Summary
The public library API (AllSmi, src/client.rs) returns owned, point-in-time snapshots (Vec<GpuInfo>, Vec<CpuInfo>, Vec<MemoryInfo>). Refreshing today means re-calling the getter, which re-enumerates every device. This issue requests two ergonomics for library consumers:
- Stable correlation identifiers so a re-fetched batch can be matched, entry-by-entry, to a previously held batch.

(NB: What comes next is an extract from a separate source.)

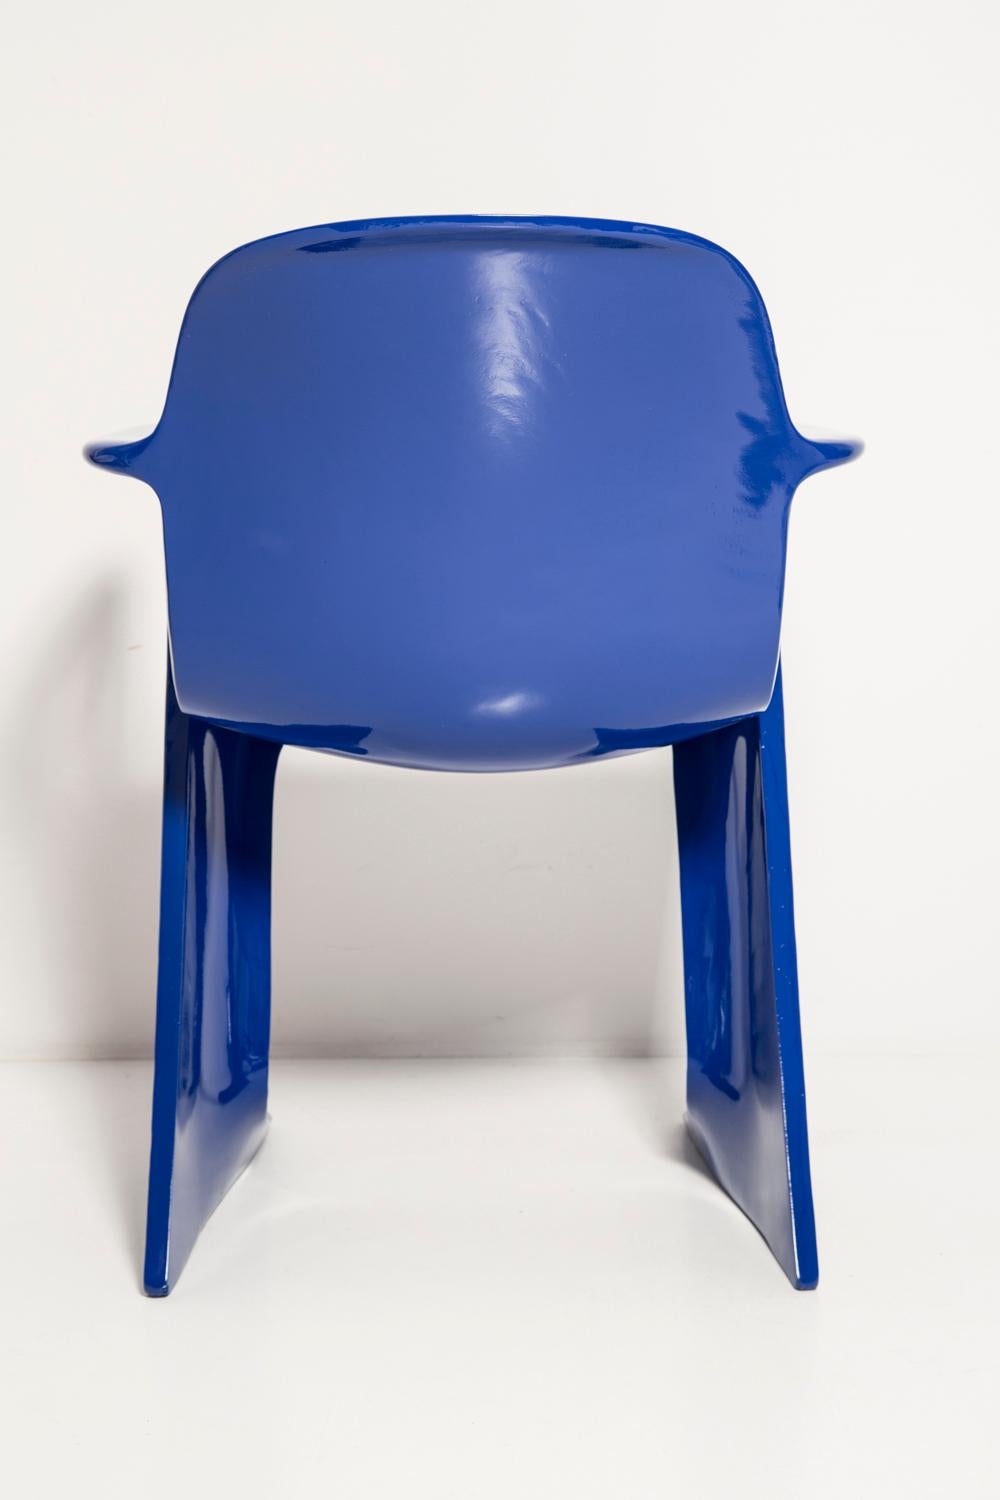 Pair of Ultramarine Blue Kangaroo Chairs Designed by Ernst Moeckl, Germany, 1968 In Excellent Condition For Sale In 05-080 Hornowek, PL

- Targeted refresh of a single device of interest without re-enumerating everything.
Background
AllSmi was introduced for embedding in external Rust projects (#106) and has since grown (e.g. get_storage_info, #115). Its getters — get_gpu_info (src/client.rs:259), get_cpu_info (src/client.rs:383), get_memory_info (src/client.rs:412) — take &self and rebuild the result on each call by iterating every reader (src/client.rs:260-264). So the underlying source is not frozen: re-calling returns fresh values (bounded by the platform sample interval on Apple Silicon). What goes stale is the owned copy the caller is holding, and after a refresh the caller is left to (a) re-enumerate and (b) work out which new entry maps to which old one.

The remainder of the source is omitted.